> What to do:
Give back exactly the lines that start at the one containing "Please note handsome" and run to the end of the material, leaving out the pictures.

> Data shown:
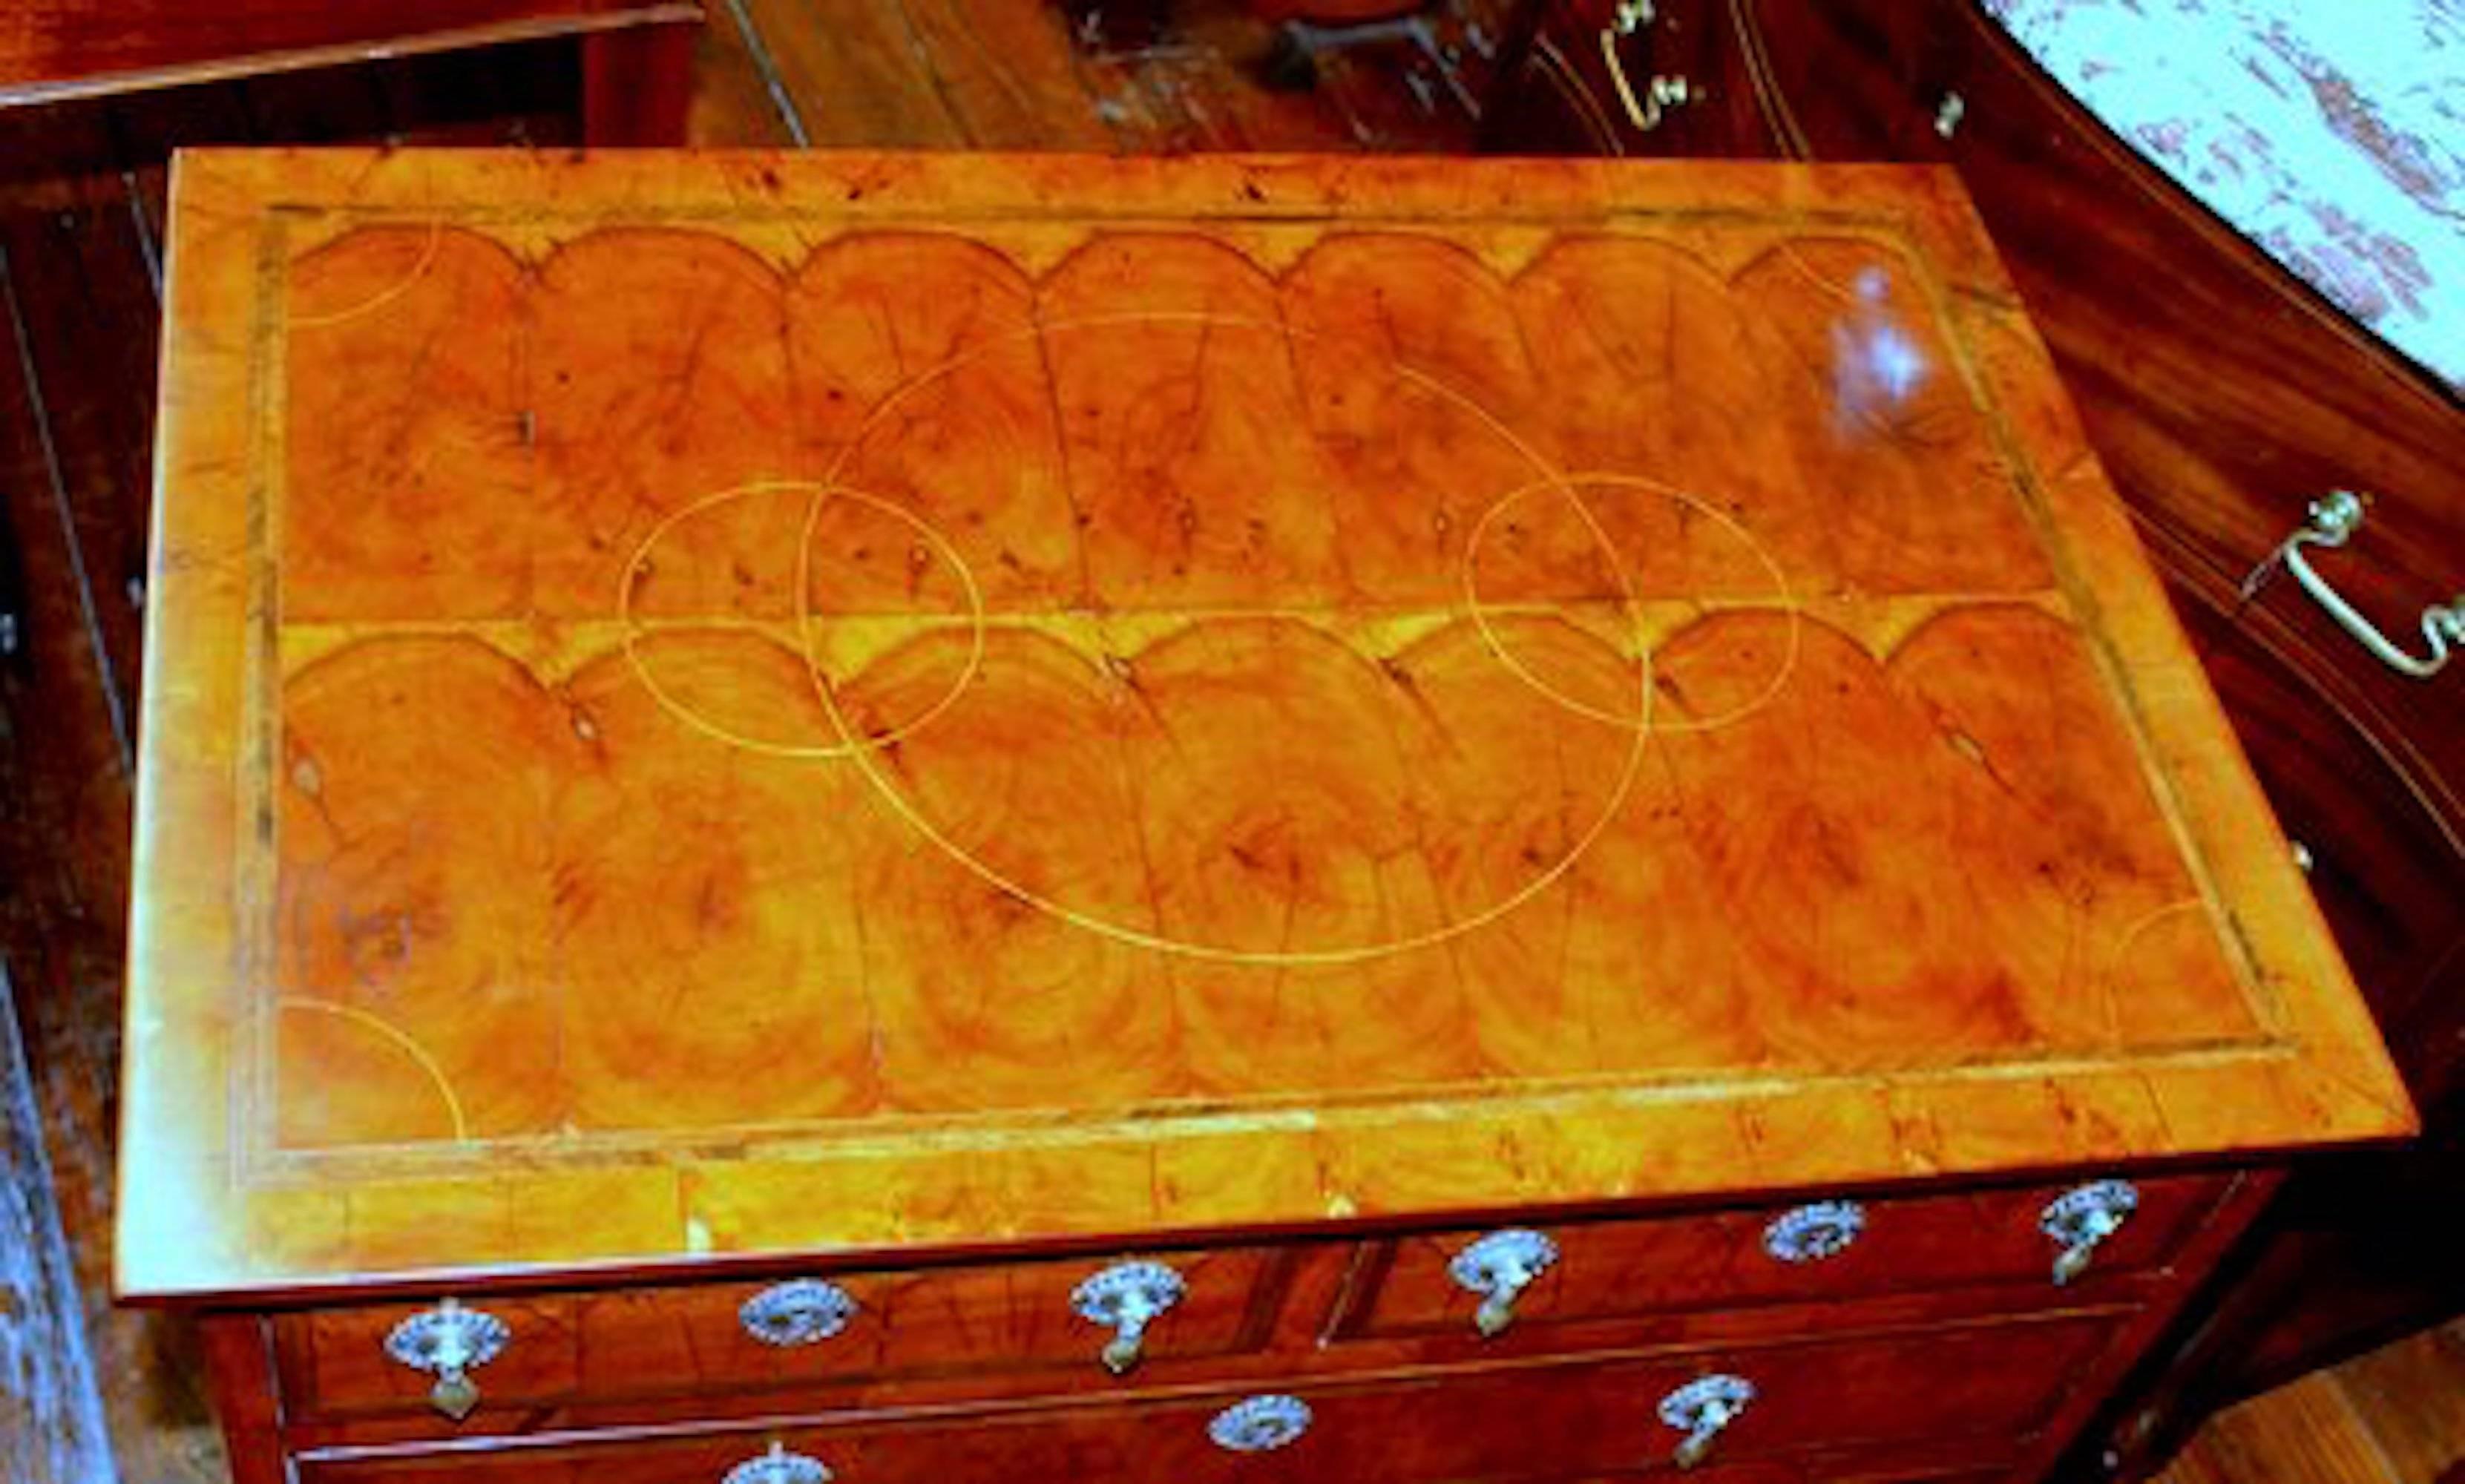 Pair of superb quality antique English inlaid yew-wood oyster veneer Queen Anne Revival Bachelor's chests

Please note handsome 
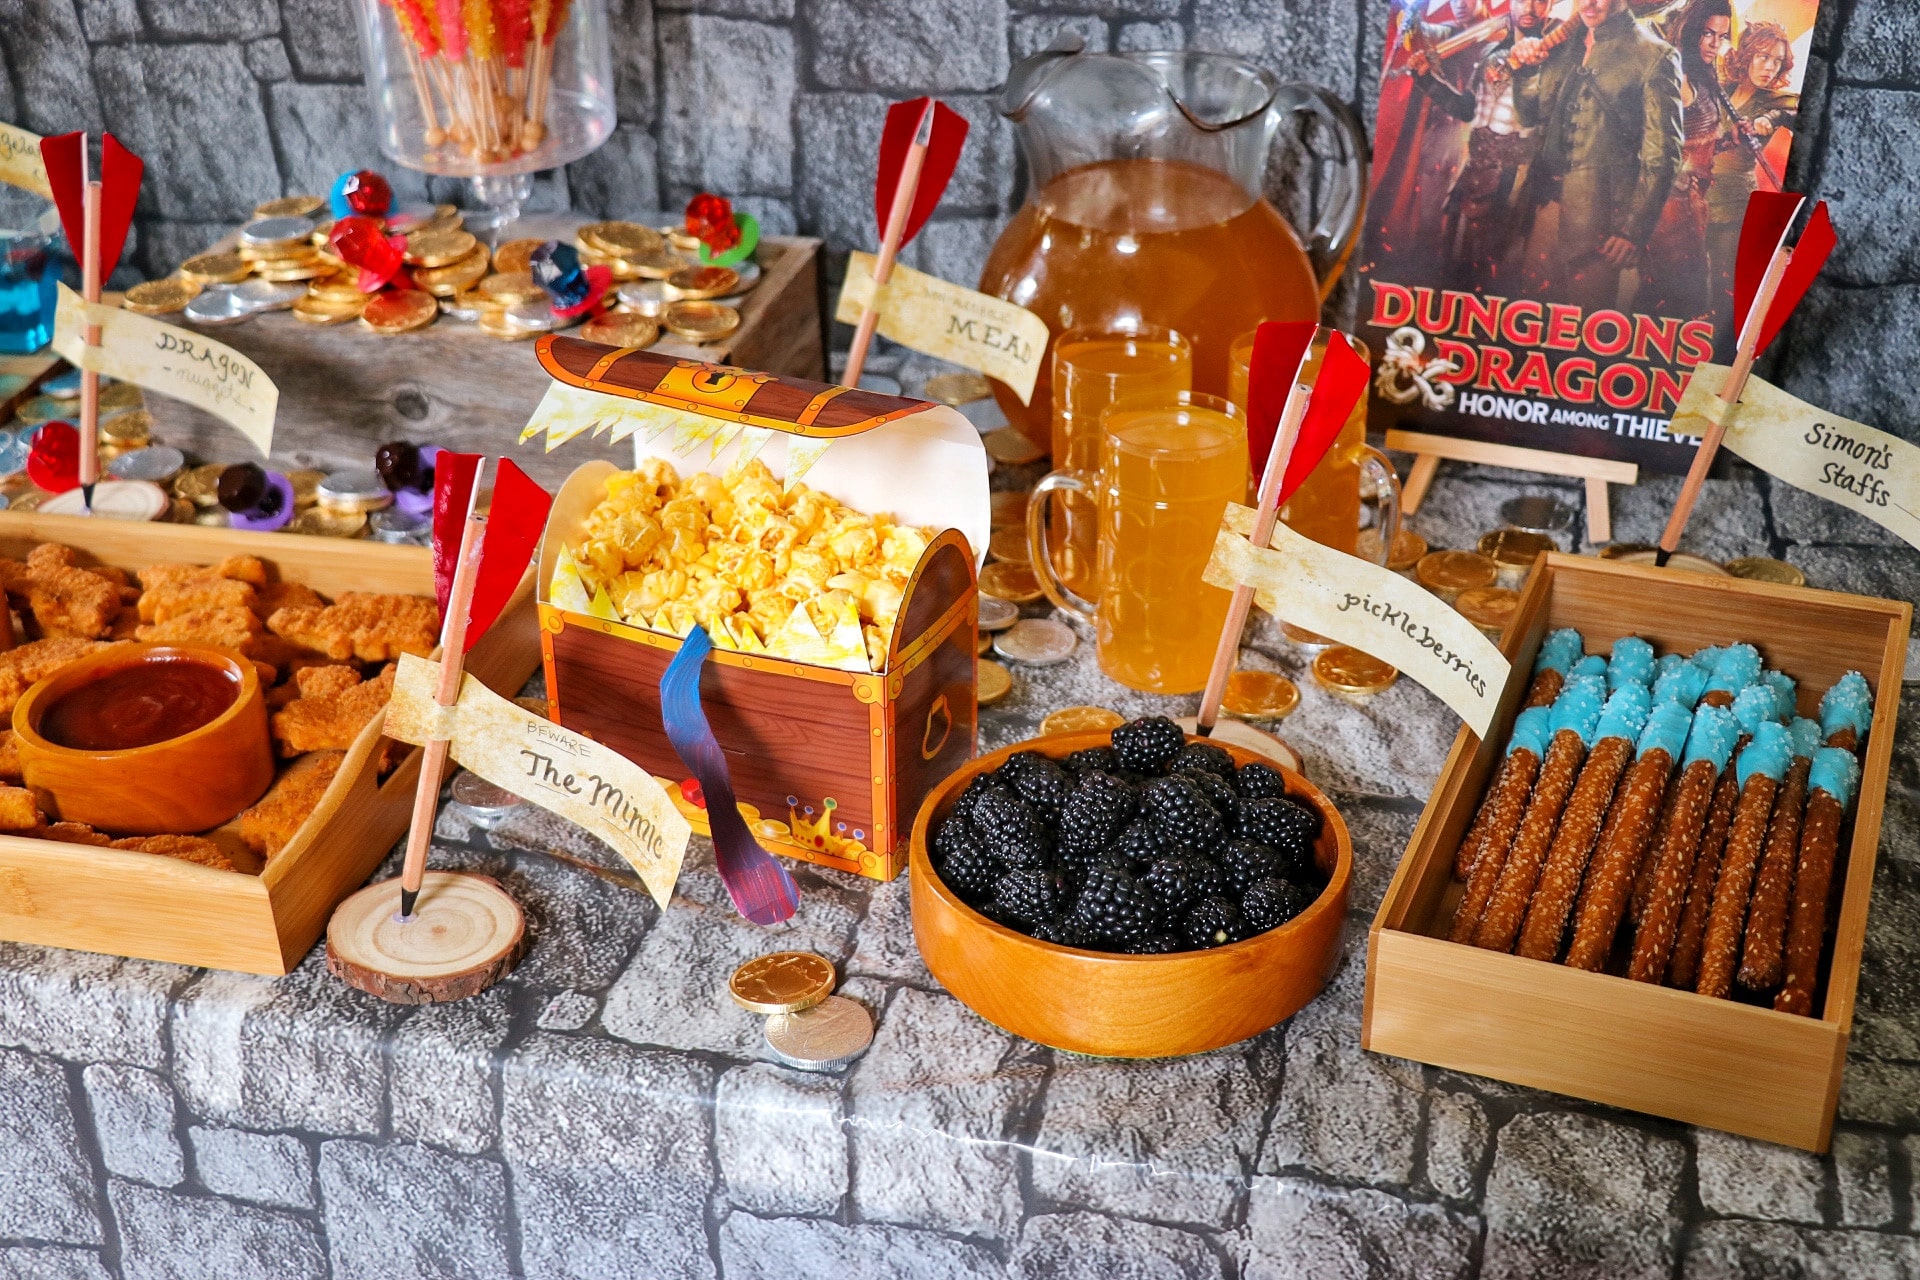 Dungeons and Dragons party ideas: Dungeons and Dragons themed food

> Result:
Please note handsome 
 Dungeons and Dragons party ideas: Dungeons and Dragons themed food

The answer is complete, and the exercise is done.